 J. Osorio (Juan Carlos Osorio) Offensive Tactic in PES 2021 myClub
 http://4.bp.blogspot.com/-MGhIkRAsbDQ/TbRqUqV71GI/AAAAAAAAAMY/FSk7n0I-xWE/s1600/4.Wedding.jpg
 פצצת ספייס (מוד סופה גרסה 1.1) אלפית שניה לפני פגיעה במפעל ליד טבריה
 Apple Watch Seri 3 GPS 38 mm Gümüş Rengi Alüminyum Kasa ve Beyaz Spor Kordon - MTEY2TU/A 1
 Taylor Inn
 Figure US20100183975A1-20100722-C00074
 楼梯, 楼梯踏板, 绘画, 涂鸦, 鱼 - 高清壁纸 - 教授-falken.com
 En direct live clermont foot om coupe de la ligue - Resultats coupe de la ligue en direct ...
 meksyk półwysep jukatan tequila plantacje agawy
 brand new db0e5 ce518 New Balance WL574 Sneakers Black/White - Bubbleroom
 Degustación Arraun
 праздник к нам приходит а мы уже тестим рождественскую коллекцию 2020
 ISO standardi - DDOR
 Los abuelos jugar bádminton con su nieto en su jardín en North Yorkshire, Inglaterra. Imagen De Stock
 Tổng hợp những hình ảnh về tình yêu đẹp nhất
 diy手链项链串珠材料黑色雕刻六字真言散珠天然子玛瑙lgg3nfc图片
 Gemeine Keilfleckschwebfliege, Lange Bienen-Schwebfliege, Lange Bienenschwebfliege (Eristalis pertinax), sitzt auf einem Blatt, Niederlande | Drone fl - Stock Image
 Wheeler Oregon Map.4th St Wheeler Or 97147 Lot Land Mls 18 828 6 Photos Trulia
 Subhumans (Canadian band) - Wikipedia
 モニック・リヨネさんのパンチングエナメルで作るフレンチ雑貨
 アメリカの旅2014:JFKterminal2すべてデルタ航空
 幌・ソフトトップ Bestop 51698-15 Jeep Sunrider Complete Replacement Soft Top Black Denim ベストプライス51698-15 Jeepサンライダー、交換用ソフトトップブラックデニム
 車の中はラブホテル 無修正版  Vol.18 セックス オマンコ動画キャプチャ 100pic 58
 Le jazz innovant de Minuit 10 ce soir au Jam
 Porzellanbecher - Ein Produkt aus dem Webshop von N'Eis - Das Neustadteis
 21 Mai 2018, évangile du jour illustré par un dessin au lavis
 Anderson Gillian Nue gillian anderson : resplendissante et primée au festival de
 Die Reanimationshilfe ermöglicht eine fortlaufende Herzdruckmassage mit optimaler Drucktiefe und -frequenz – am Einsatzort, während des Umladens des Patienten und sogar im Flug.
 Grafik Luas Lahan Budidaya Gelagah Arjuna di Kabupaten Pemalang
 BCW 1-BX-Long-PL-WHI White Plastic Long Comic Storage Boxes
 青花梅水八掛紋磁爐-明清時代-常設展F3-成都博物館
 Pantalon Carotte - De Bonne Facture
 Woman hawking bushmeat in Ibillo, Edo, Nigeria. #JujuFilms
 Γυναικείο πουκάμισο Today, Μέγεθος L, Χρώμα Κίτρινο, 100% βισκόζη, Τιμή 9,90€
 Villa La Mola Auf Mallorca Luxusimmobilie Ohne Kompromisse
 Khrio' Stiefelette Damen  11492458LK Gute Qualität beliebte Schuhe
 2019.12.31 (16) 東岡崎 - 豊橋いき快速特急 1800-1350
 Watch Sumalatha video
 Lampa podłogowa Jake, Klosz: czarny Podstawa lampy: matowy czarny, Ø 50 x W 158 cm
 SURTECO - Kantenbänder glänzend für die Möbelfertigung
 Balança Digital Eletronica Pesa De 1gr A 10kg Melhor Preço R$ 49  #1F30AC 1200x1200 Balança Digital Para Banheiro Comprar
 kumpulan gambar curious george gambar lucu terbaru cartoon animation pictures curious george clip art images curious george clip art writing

• Task statement
Reproduce, word for word, the lines of the data from the one that contains "BCW 1-BX-Long-PL-WHI White" to the end, both ends included.

• Finished task
 BCW 1-BX-Long-PL-WHI White Plastic Long Comic Storage Boxes
 青花梅水八掛紋磁爐-明清時代-常設展F3-成都博物館
 Pantalon Carotte - De Bonne Facture
 Woman hawking bushmeat in Ibillo, Edo, Nigeria. #JujuFilms
 Γυναικείο πουκάμισο Today, Μέγεθος L, Χρώμα Κίτρινο, 100% βισκόζη, Τιμή 9,90€
 Villa La Mola Auf Mallorca Luxusimmobilie Ohne Kompromisse
 Khrio' Stiefelette Damen  11492458LK Gute Qualität beliebte Schuhe
 2019.12.31 (16) 東岡崎 - 豊橋いき快速特急 1800-1350
 Watch Sumalatha video
 Lampa podłogowa Jake, Klosz: czarny Podstawa lampy: matowy czarny, Ø 50 x W 158 cm
 SURTECO - Kantenbänder glänzend für die Möbelfertigung
 Balança Digital Eletronica Pesa De 1gr A 10kg Melhor Preço R$ 49  #1F30AC 1200x1200 Balança Digital Para Banheiro Comprar
 kumpulan gambar curious george gambar lucu terbaru cartoon animation pictures curious george clip art images curious george clip art writing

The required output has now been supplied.